--- DIRECTIONS ---
Beginning with the first line, return the material verbatim and without pictures.

--- SUPPLIED DATA ---
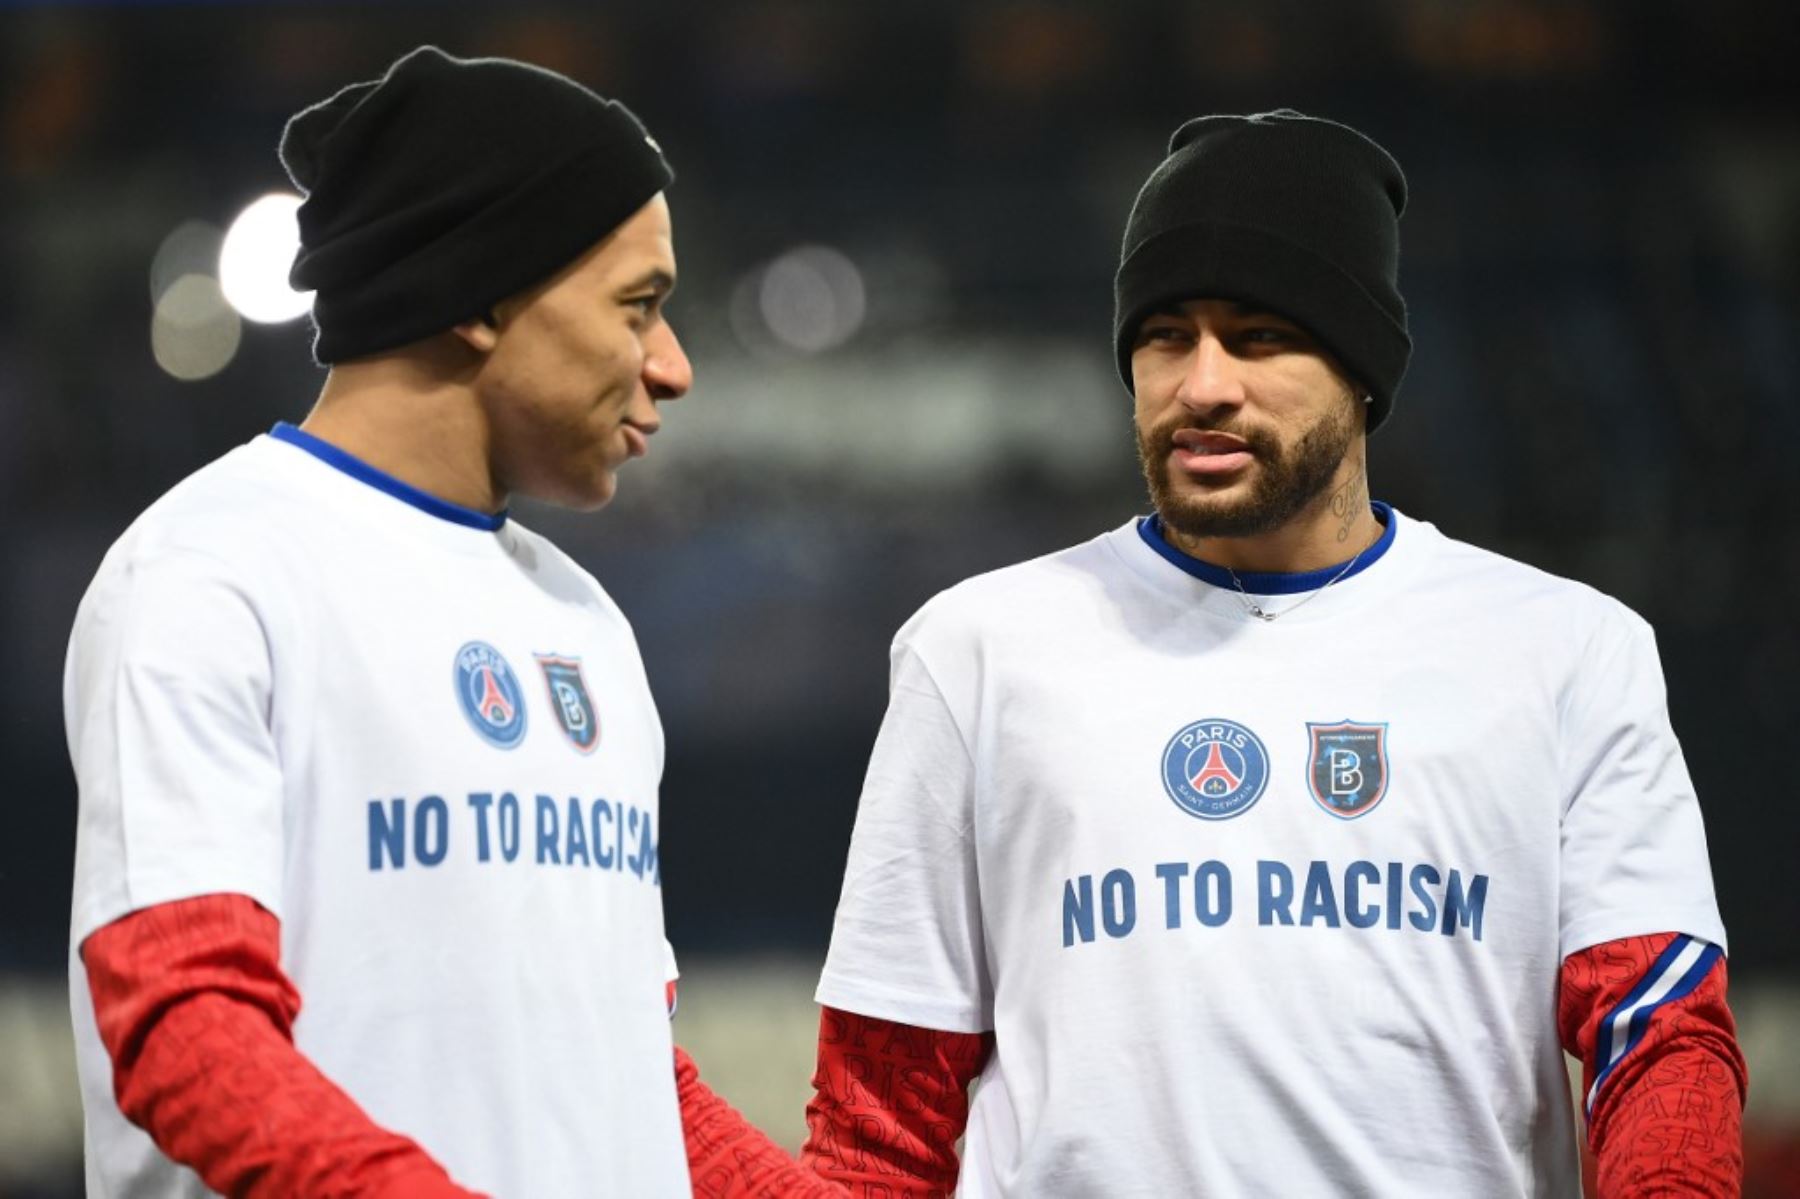 Jugadores de PSG y Basaksehir unidos contra el racismo
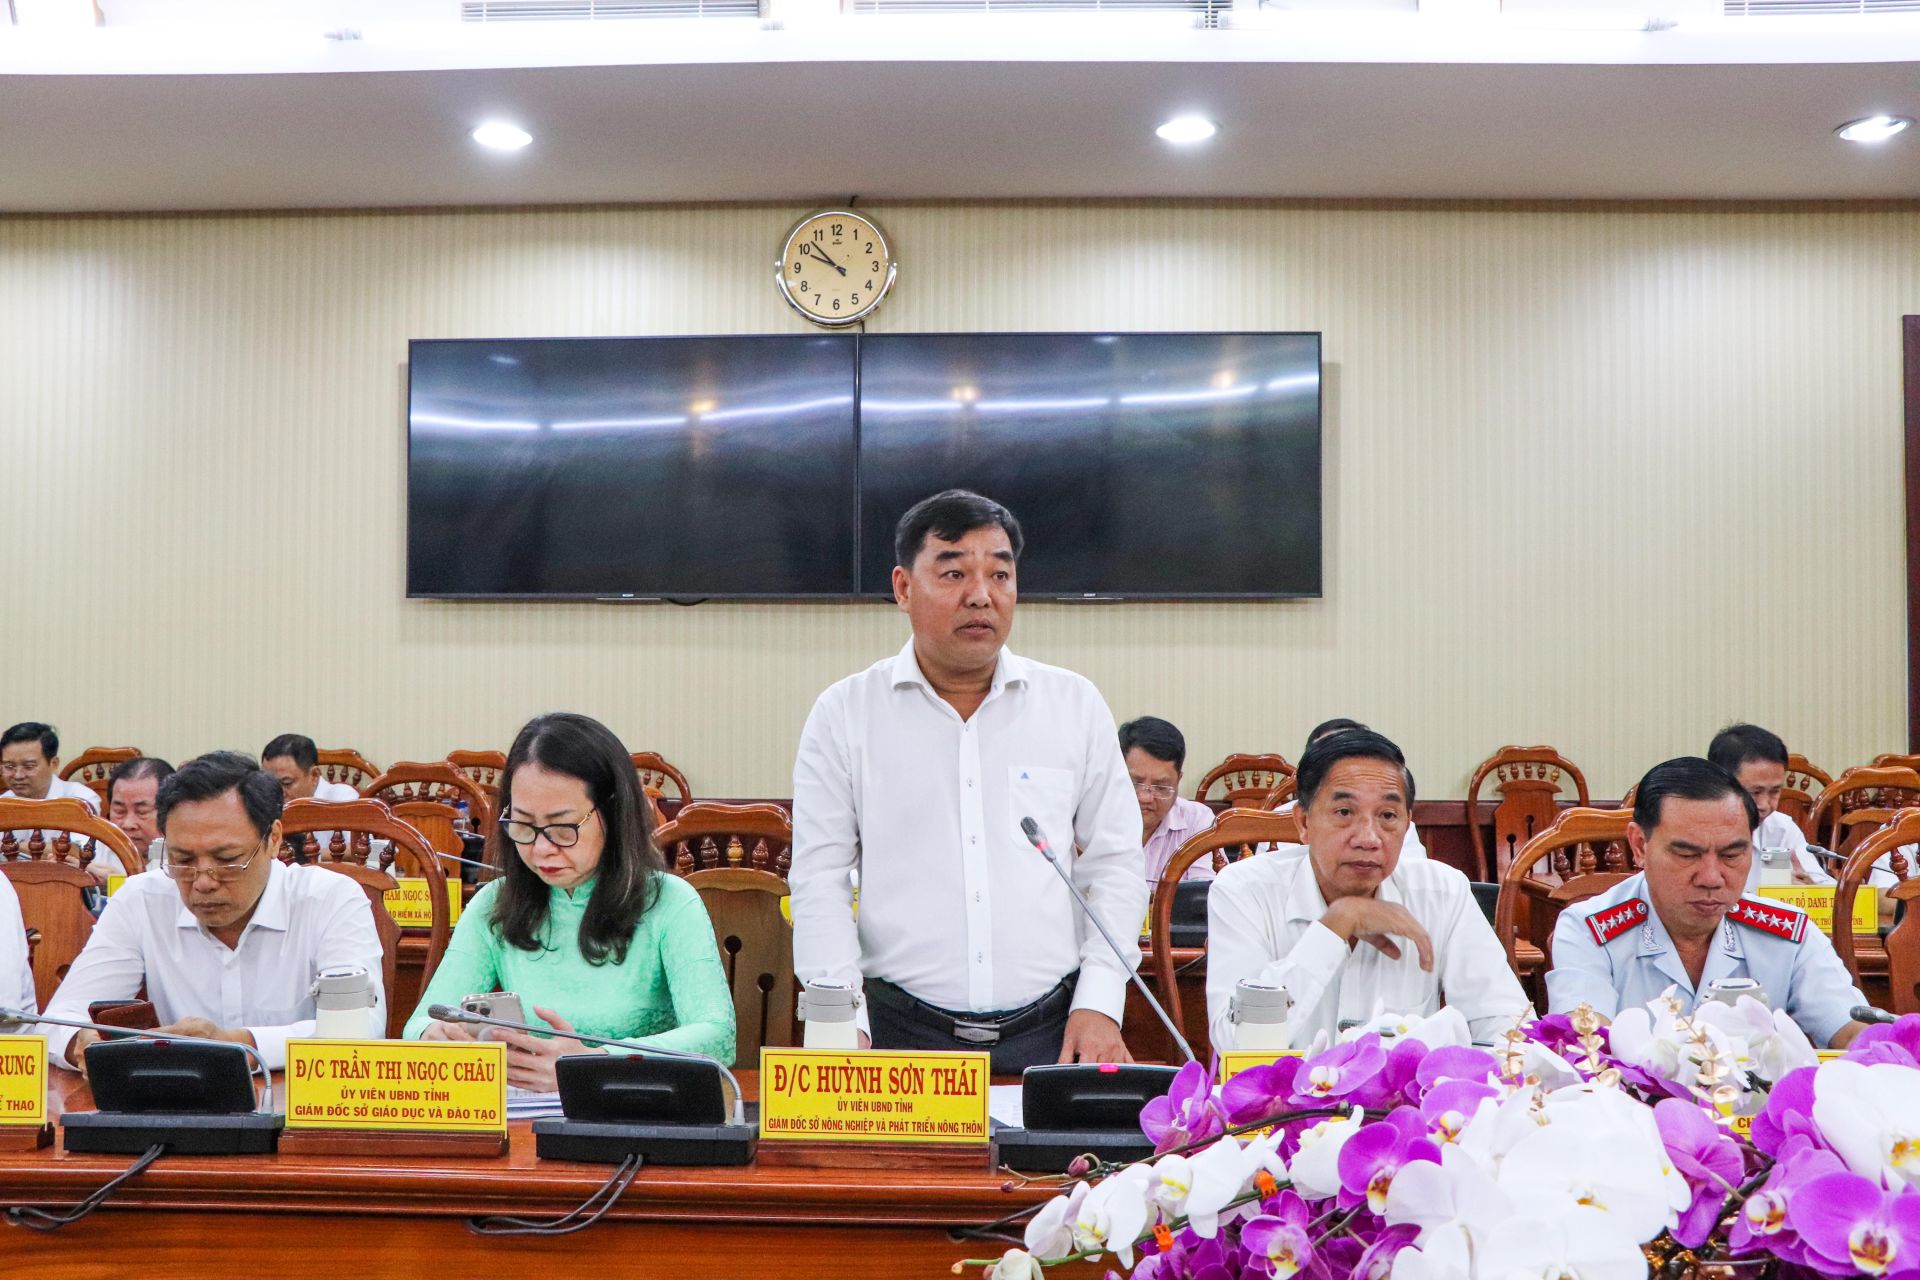 Ông Huỳnh Sơn Thái, Giám đốc Sở NN-PTNT tỉnh phát biểu ý kiến về nâng cao chất lượng các tiêu chí xây dựng xã nông thôn mới, huyện nông thôn mới; tình hình sản xuất nông nghiệp trên địa bàn tỉnh
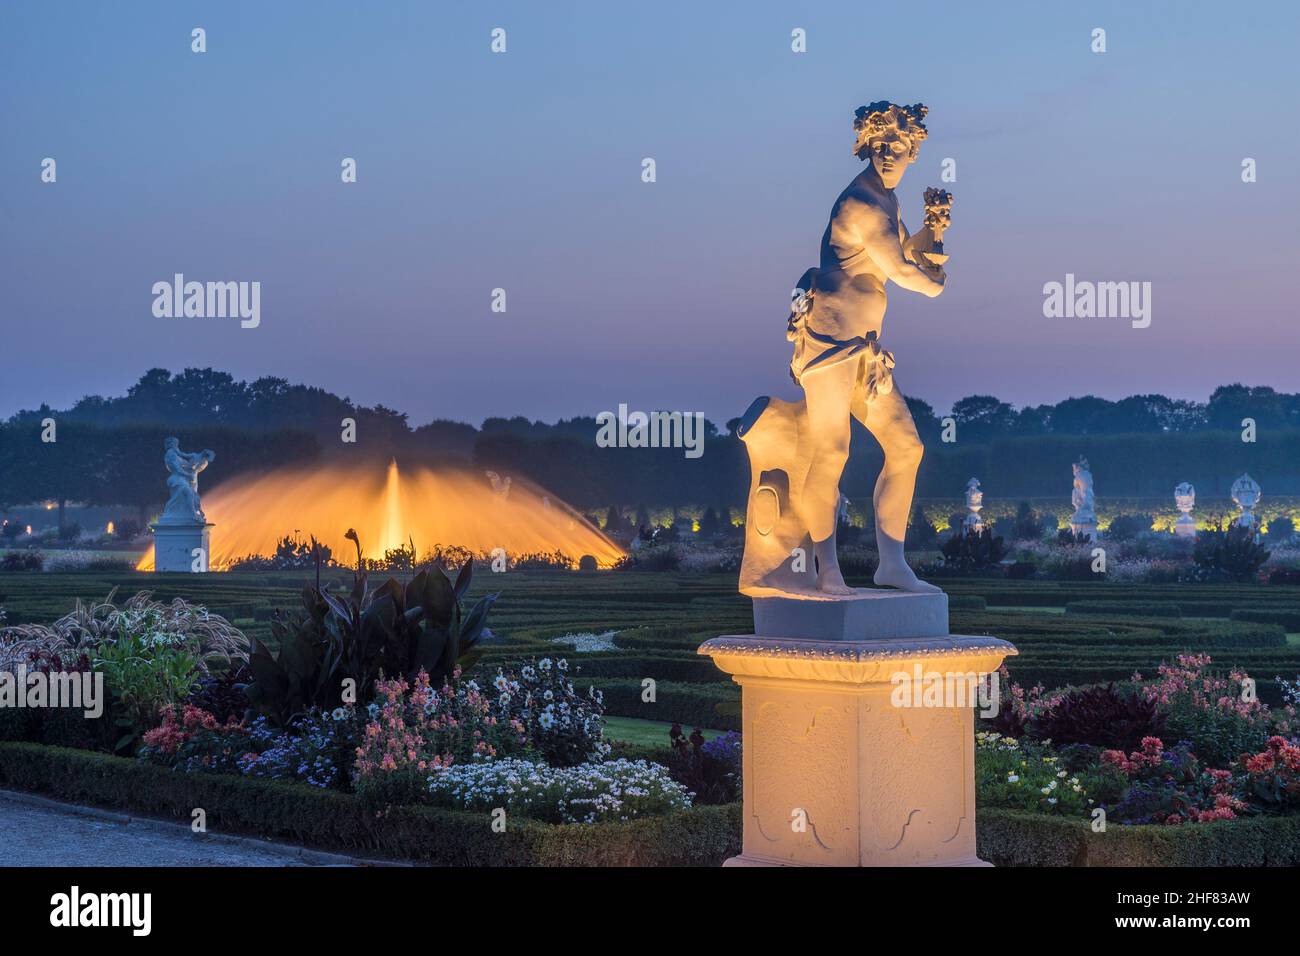 Allemagne, Basse-Saxe, Hanovre, sculpture Bacchus / automne des jardins de Herrenhausen dans la soirée Banque D'Images

--- SOLUTION FOR THIS EXERCISE ---
 Jugadores de PSG y Basaksehir unidos contra el racismo
 Ông Huỳnh Sơn Thái, Giám đốc Sở NN-PTNT tỉnh phát biểu ý kiến về nâng cao chất lượng các tiêu chí xây dựng xã nông thôn mới, huyện nông thôn mới; tình hình sản xuất nông nghiệp trên địa bàn tỉnh
 Allemagne, Basse-Saxe, Hanovre, sculpture Bacchus / automne des jardins de Herrenhausen dans la soirée Banque D'Images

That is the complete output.